> **PROVIDED MATERIAL**
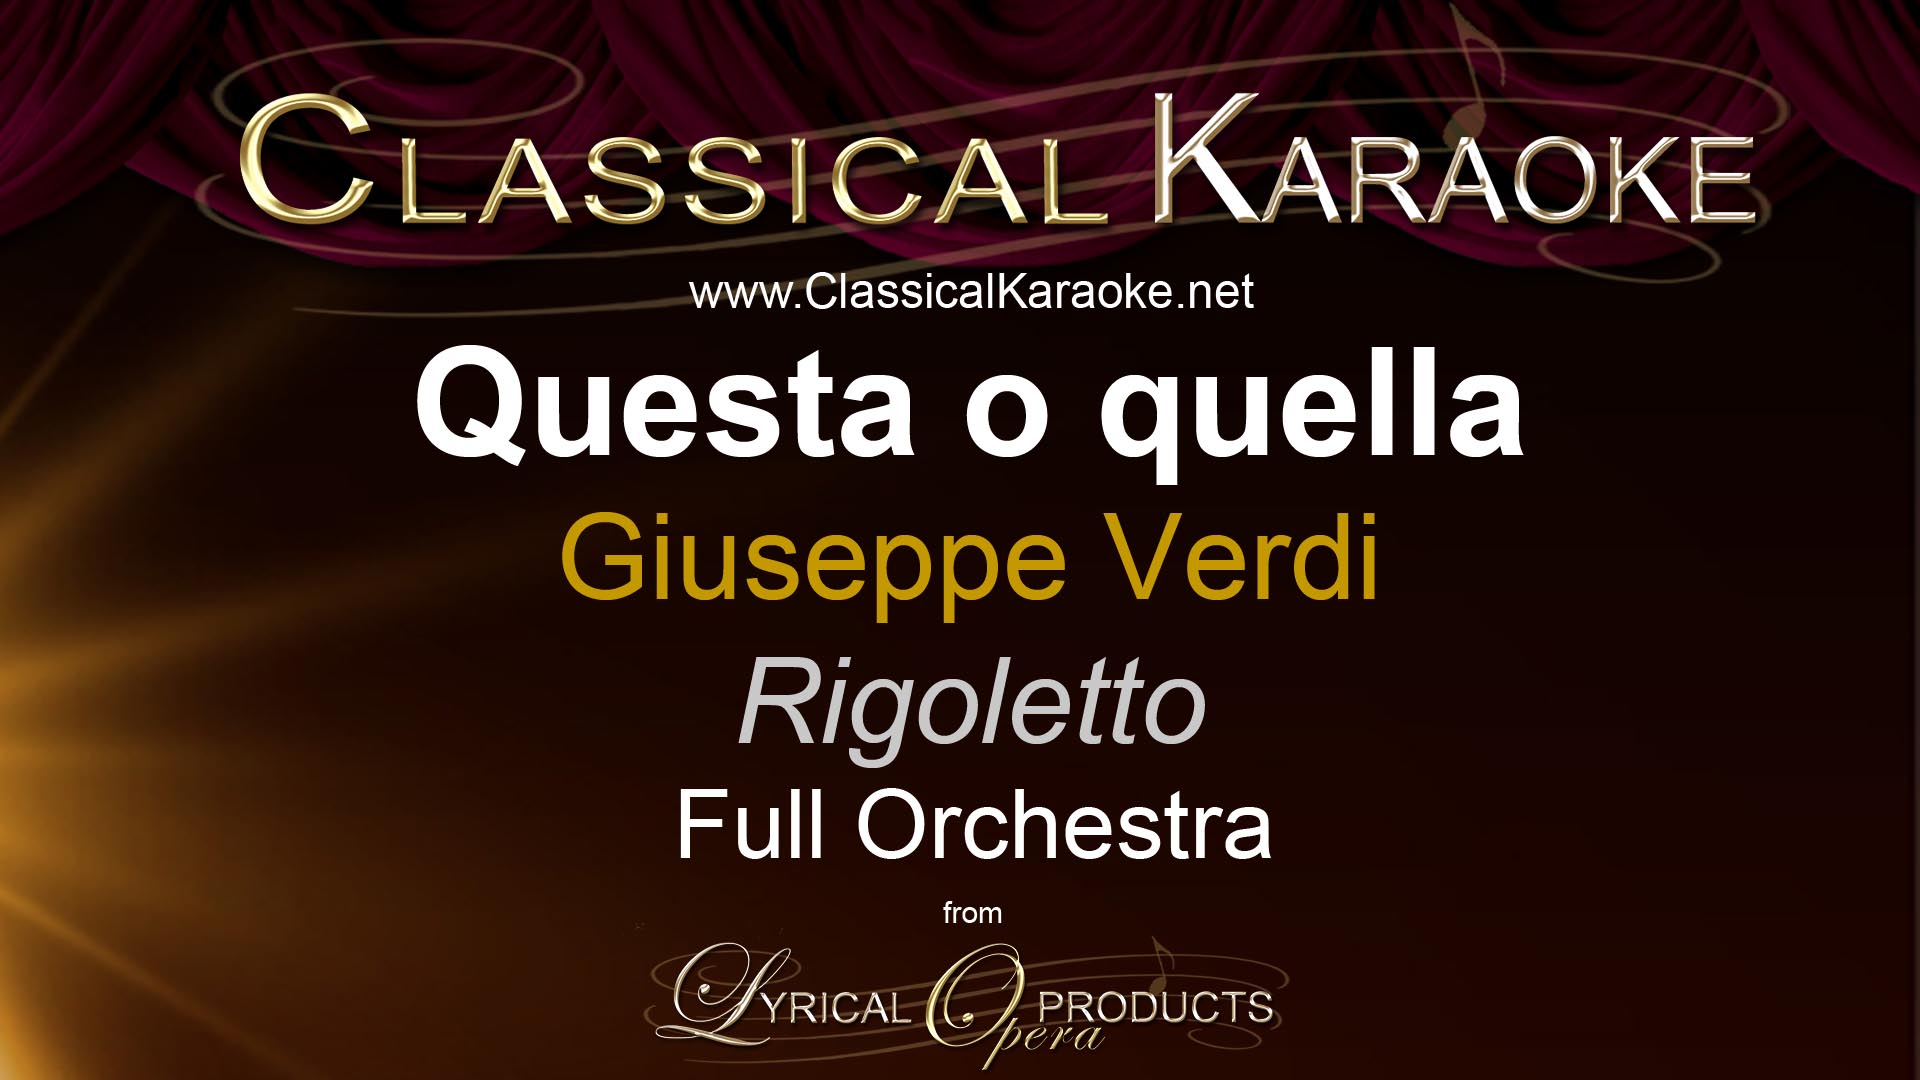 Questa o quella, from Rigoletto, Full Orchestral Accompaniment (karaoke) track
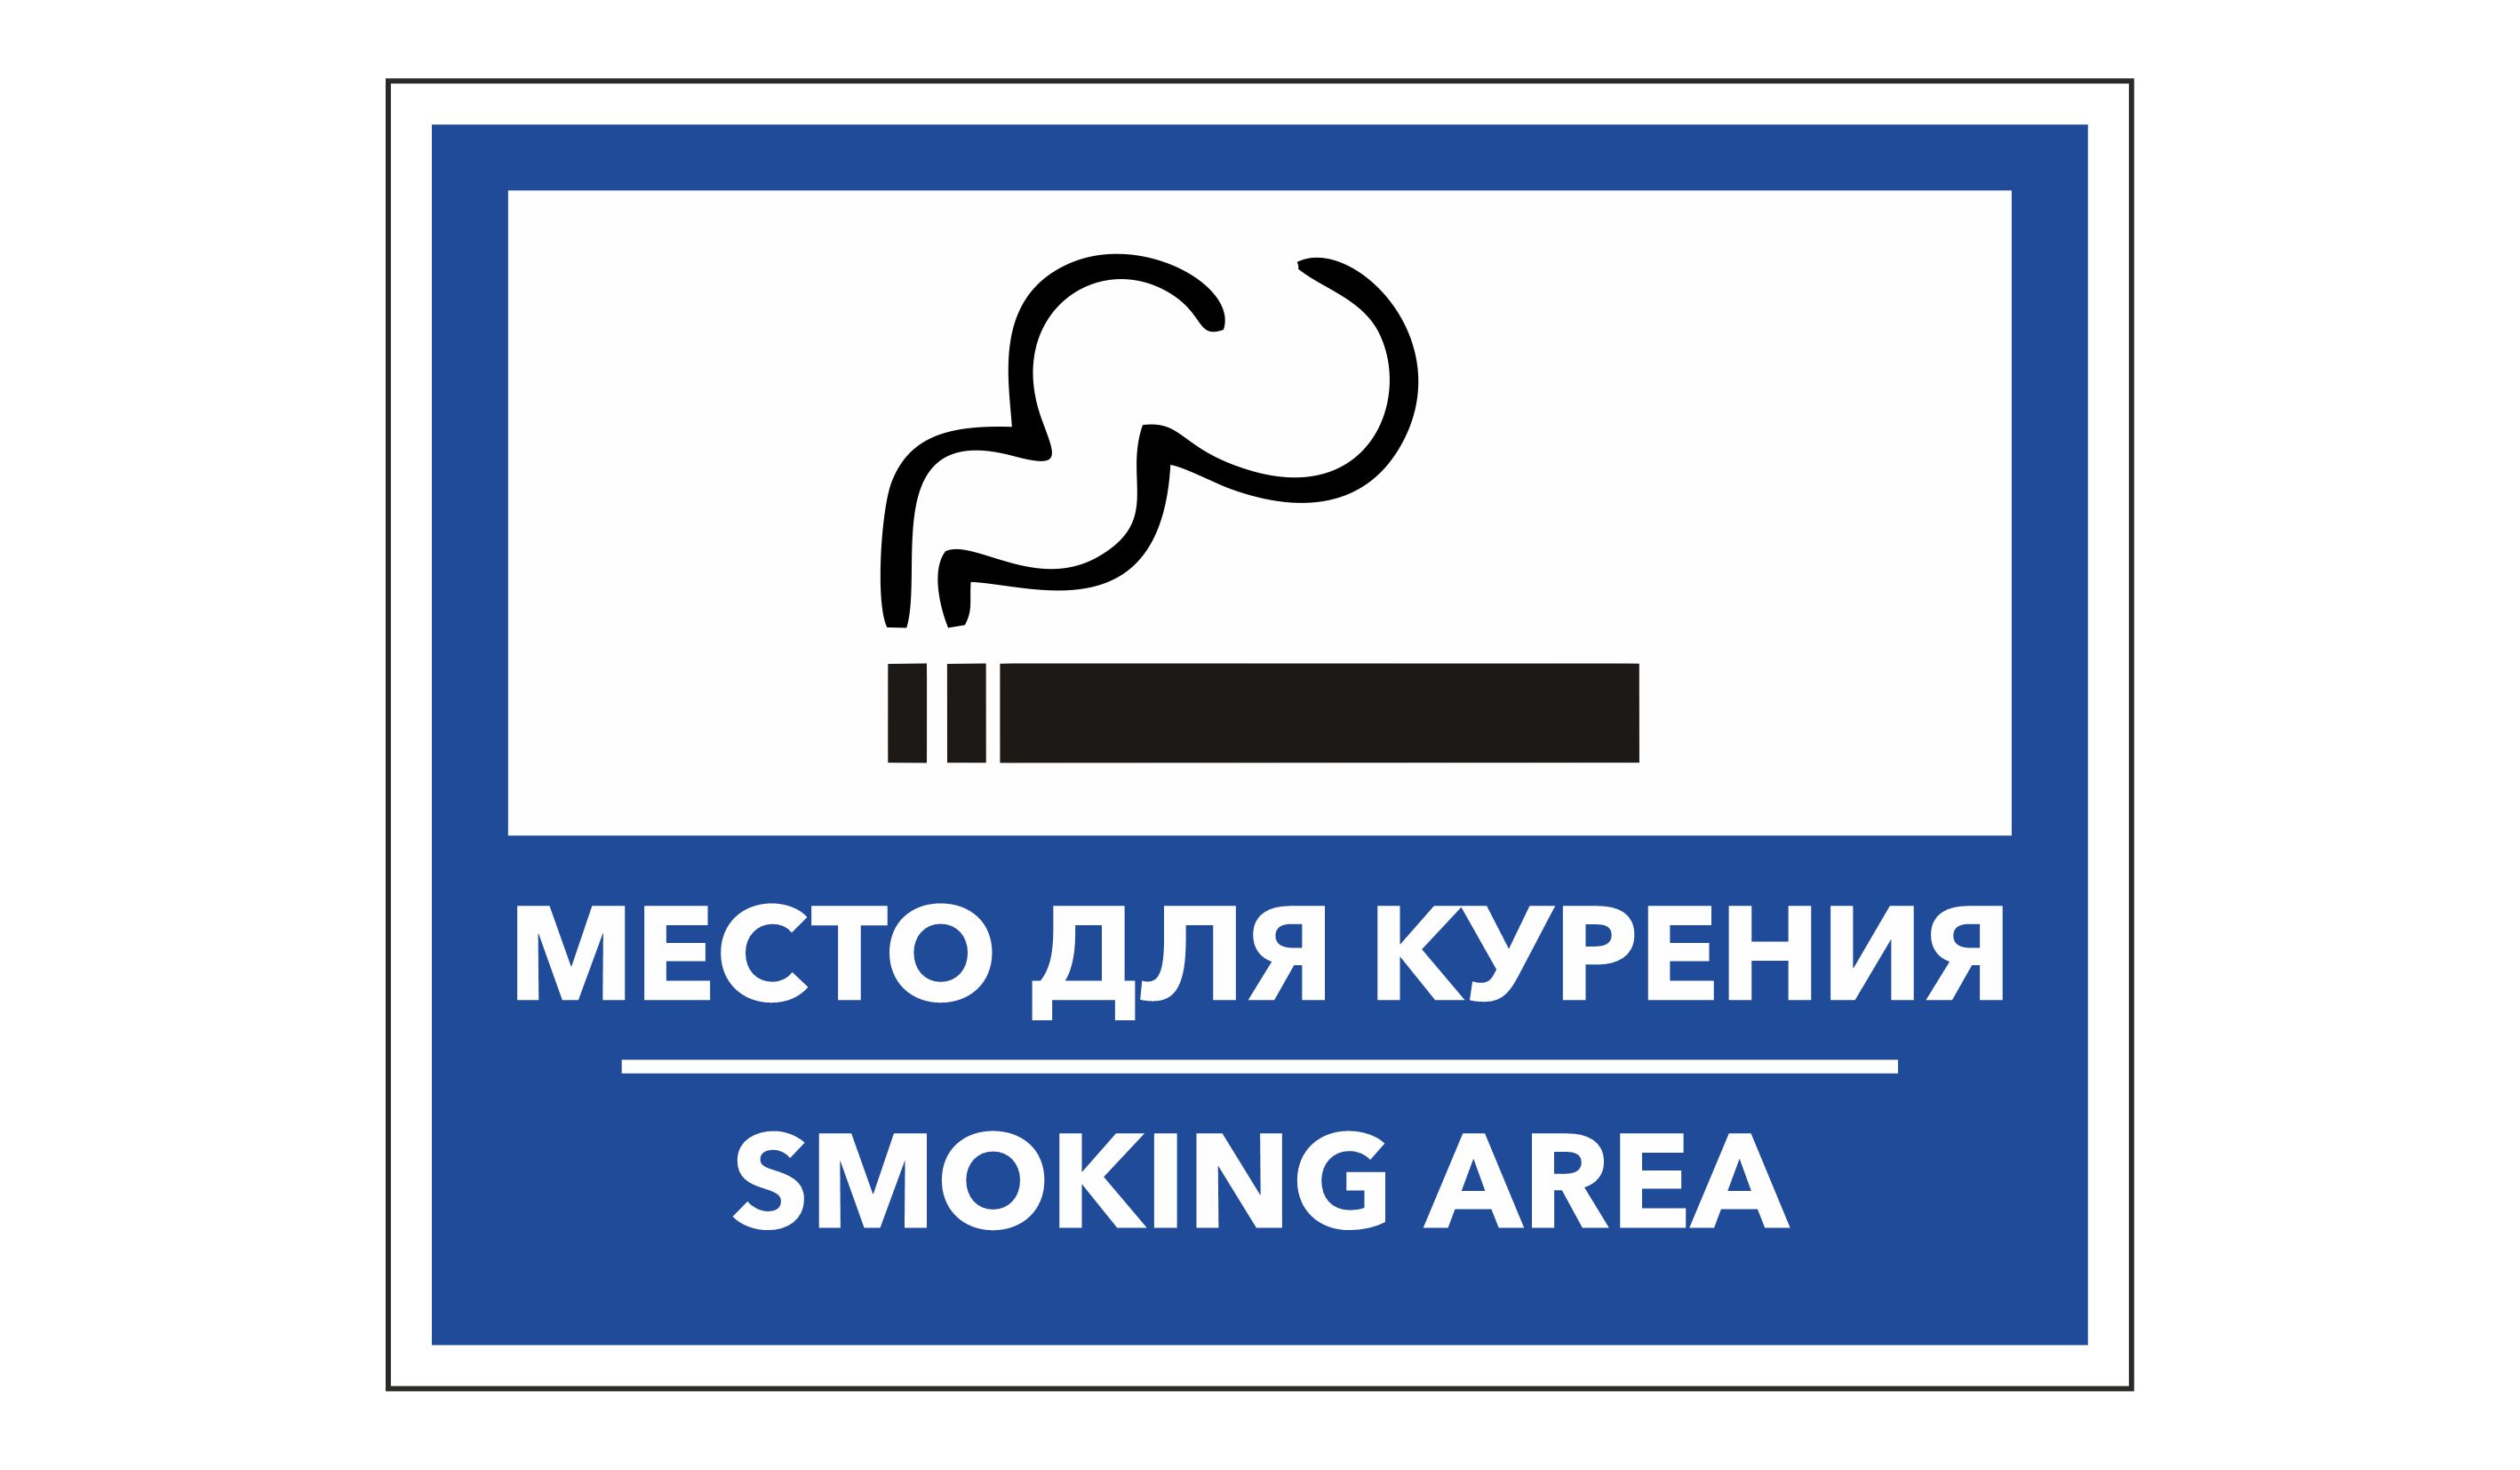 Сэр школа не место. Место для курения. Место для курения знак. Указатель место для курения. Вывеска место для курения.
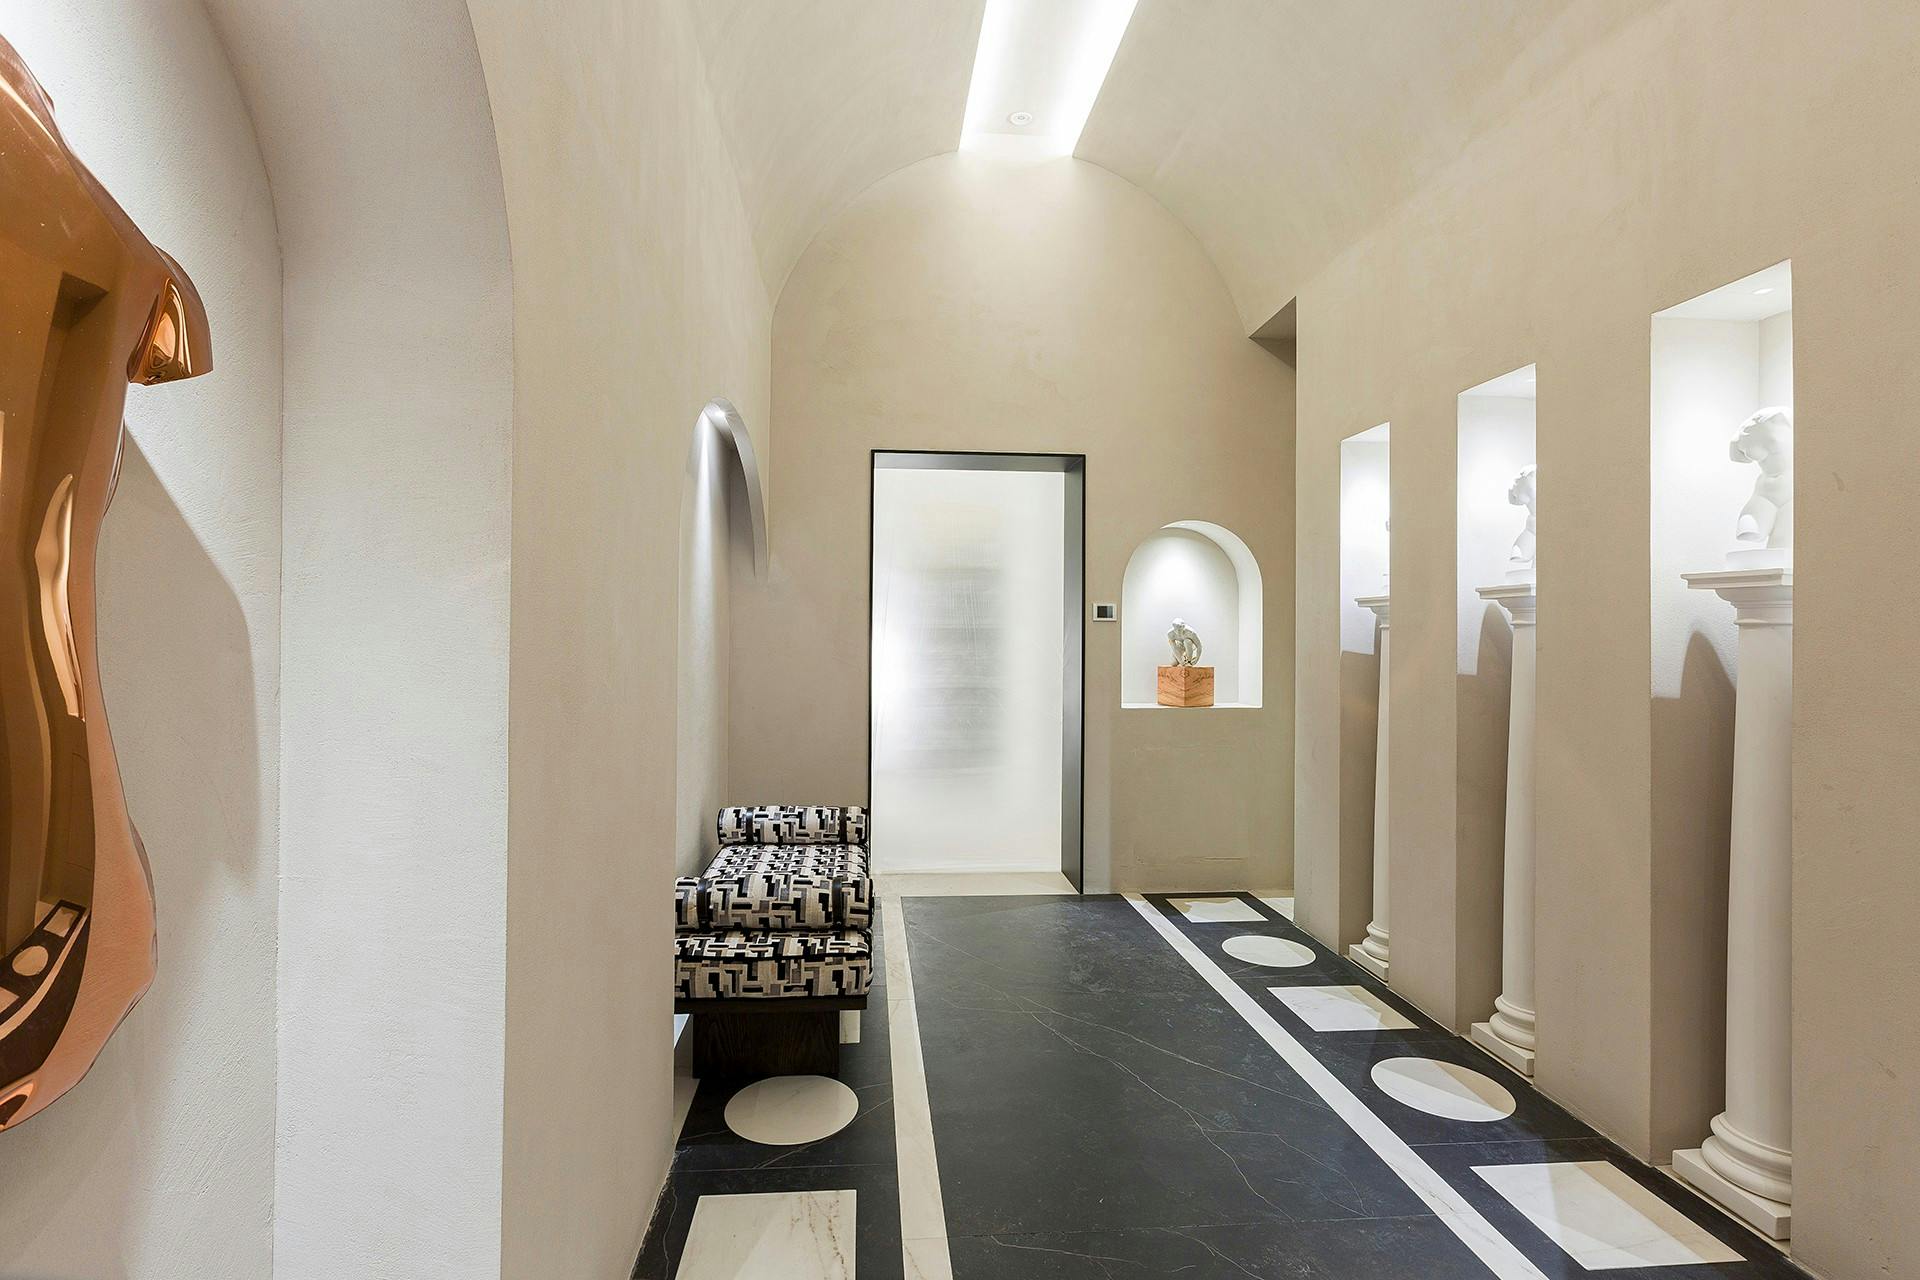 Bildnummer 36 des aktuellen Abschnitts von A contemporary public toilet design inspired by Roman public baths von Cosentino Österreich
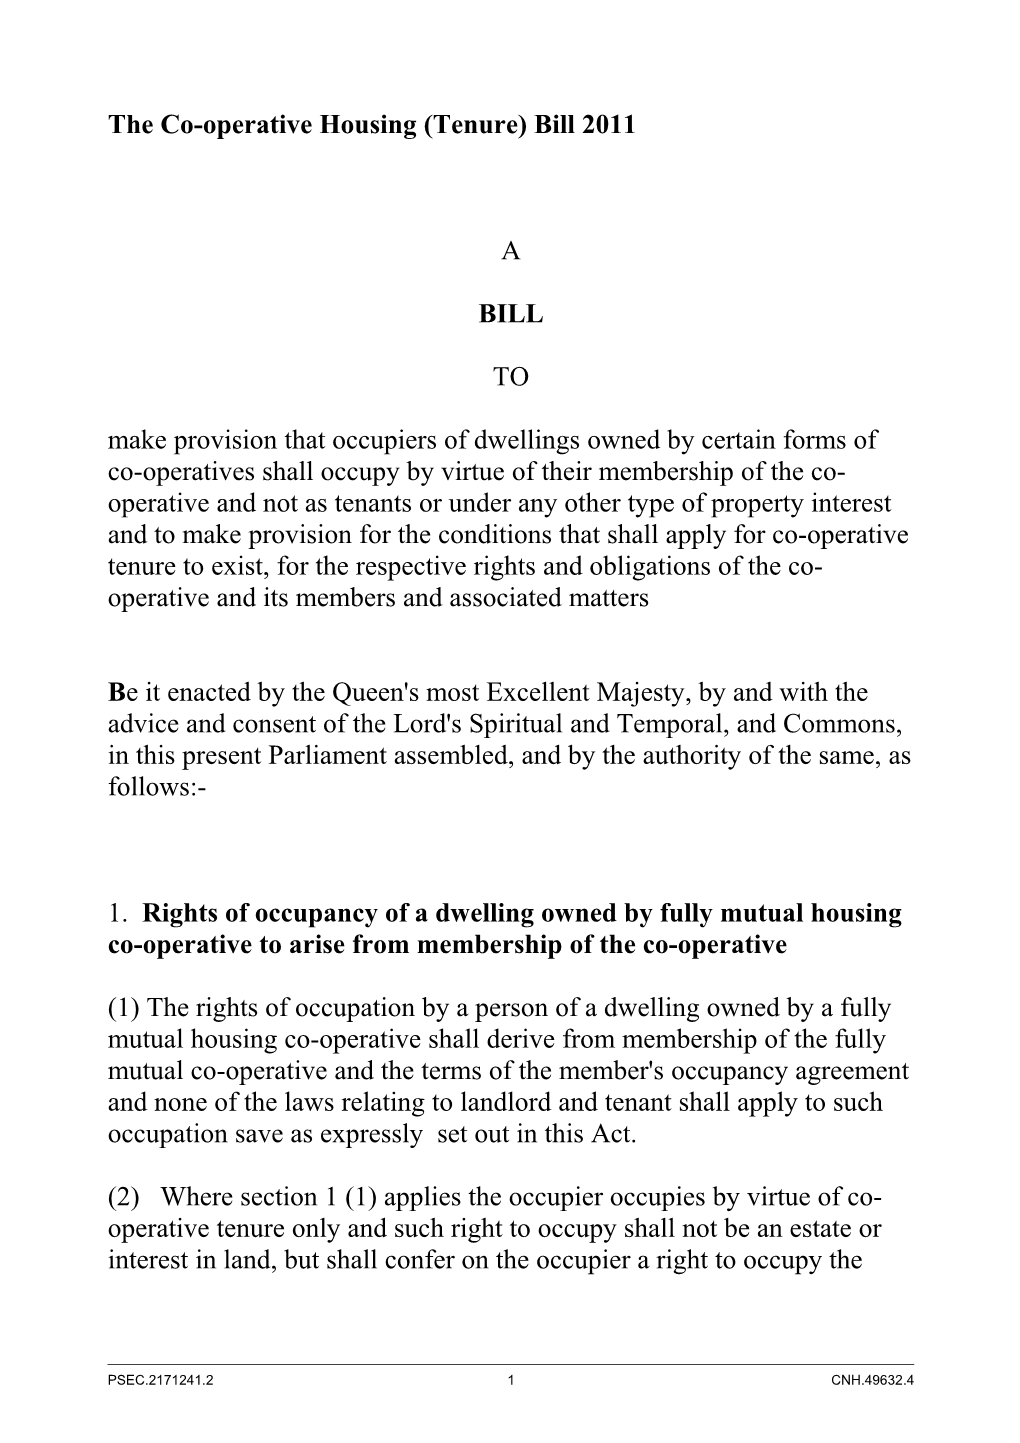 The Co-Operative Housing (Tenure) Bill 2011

> **WHAT NEEDS TO BE DONE**
Only exact repeats of the lines from the one containing "Сэр школа не" through the end of the listing above are wanted here; pictures are not.

> **TASK SOLUTION**
 Сэр школа не место. Место для курения. Место для курения знак. Указатель место для курения. Вывеска место для курения.
 Bildnummer 36 des aktuellen Abschnitts von A contemporary public toilet design inspired by Roman public baths von Cosentino Österreich
 The Co-Operative Housing (Tenure) Bill 2011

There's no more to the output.